1. A method for recycling wastes is characterized by comprising the following steps: pretreating wastes to obtain wastewater with the phosphate concentration being more than 70mg/L in terms of phosphorus and the ammonia nitrogen concentration being more than 60mg/L in terms of nitrogen, then respectively feeding the wastewater, alkali liquor and magnesium salt solution from the lower end of a reactor, simultaneously refluxing supernatant liquid at the top of the reactor to the lower end of the reactor, and mixing the supernatant liquid with the wastewater, the alkali liquor and the magnesium salt solution to form a fluidized reaction zone;

at the beginning of the reaction, adding struvite particles serving as seed crystals into the fluidized reaction zone, setting the void ratio of the fluidized reaction zone to be 0.8-0.9, and calculating the reflux flow of supernatant liquid;

keeping the reflux flow and the feeding amount of the wastewater and the magnesium salt solution unchanged, continuing the reaction until the void ratio of the fluidization reaction zone is reduced to be below 0.7, and removing the struvite particles with large particle size in the fluidization reaction zone.

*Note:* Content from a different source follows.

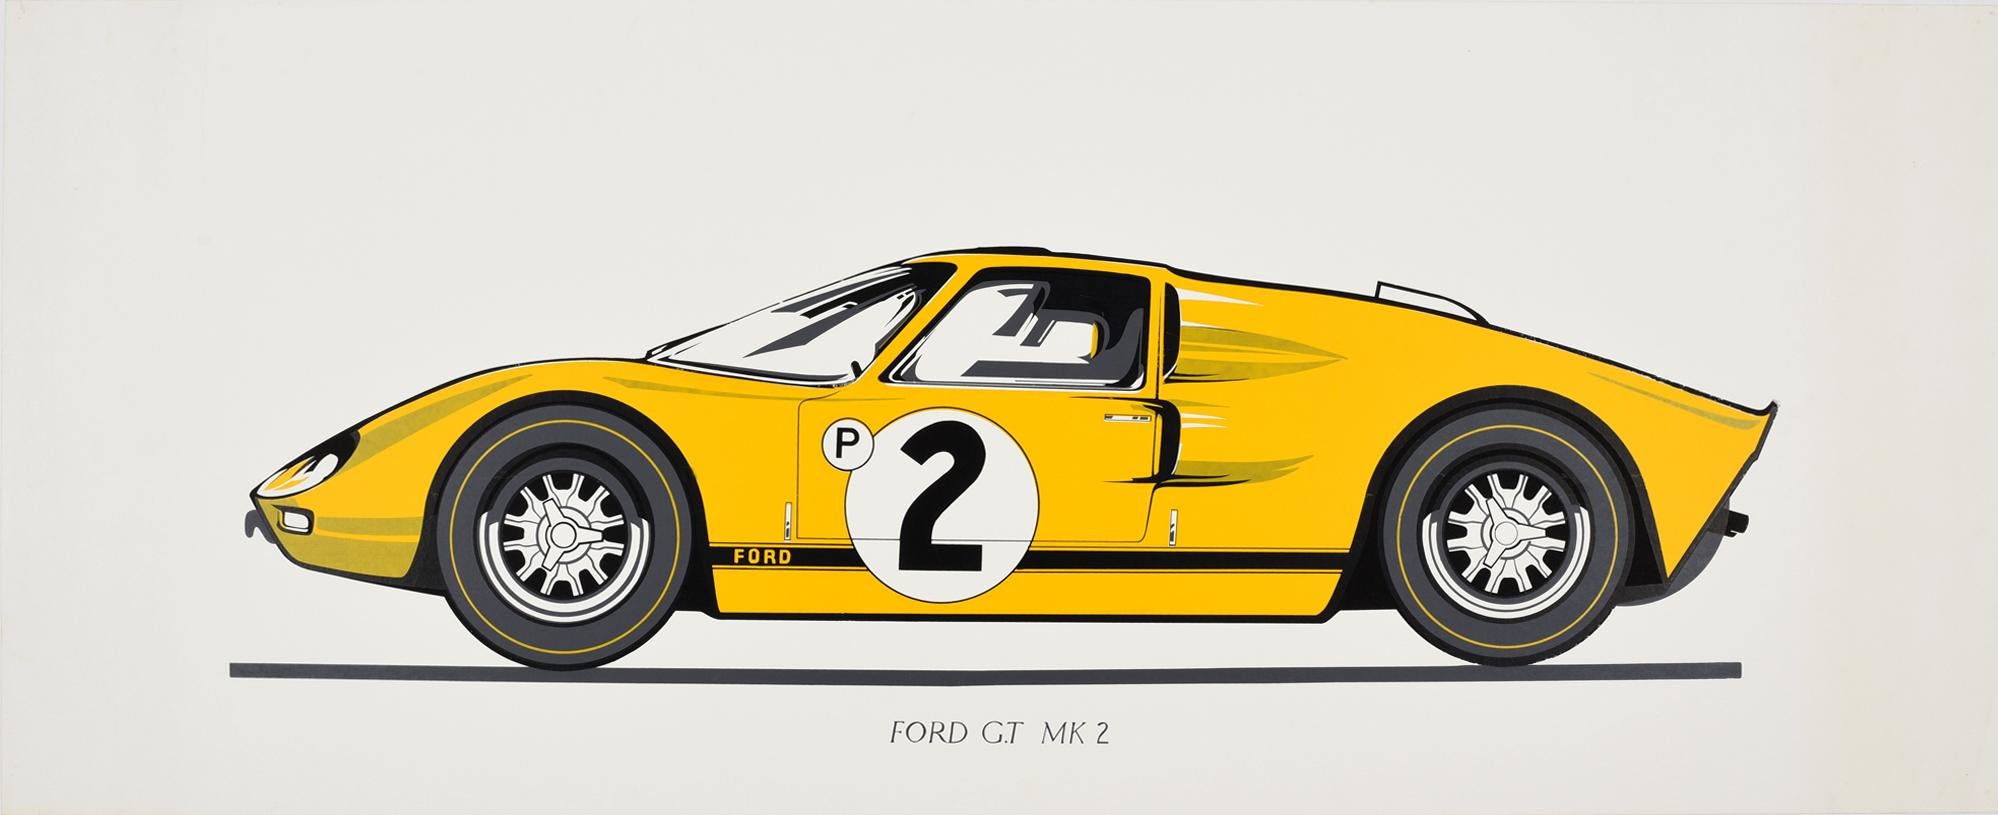 Unknown Print - Original Vintage Poster Ford GT MK 2 Racing Car Motor Sport 24 Hours Le Mans Win

2. The method of claim 1, wherein the void ratio of the fluidized reaction zone is a ratio of a volume occupied by the liquid in the fluidized reaction zone to a volume of the fluidized reaction zone.

3. The method as claimed in claim 1 or 2, wherein after the struvite particles with large particle size in the fluidized reaction zone are removed, the struvite particles with small particle size automatically descending to the fluidized reaction zone from the upper part of the reactor are used as seed crystals to continue the reaction until the void ratio in the fluidized reaction zone is reduced to below 0.7 again, the struvite particles with large particle size in the fluidized reaction zone are removed, and the process is repeated.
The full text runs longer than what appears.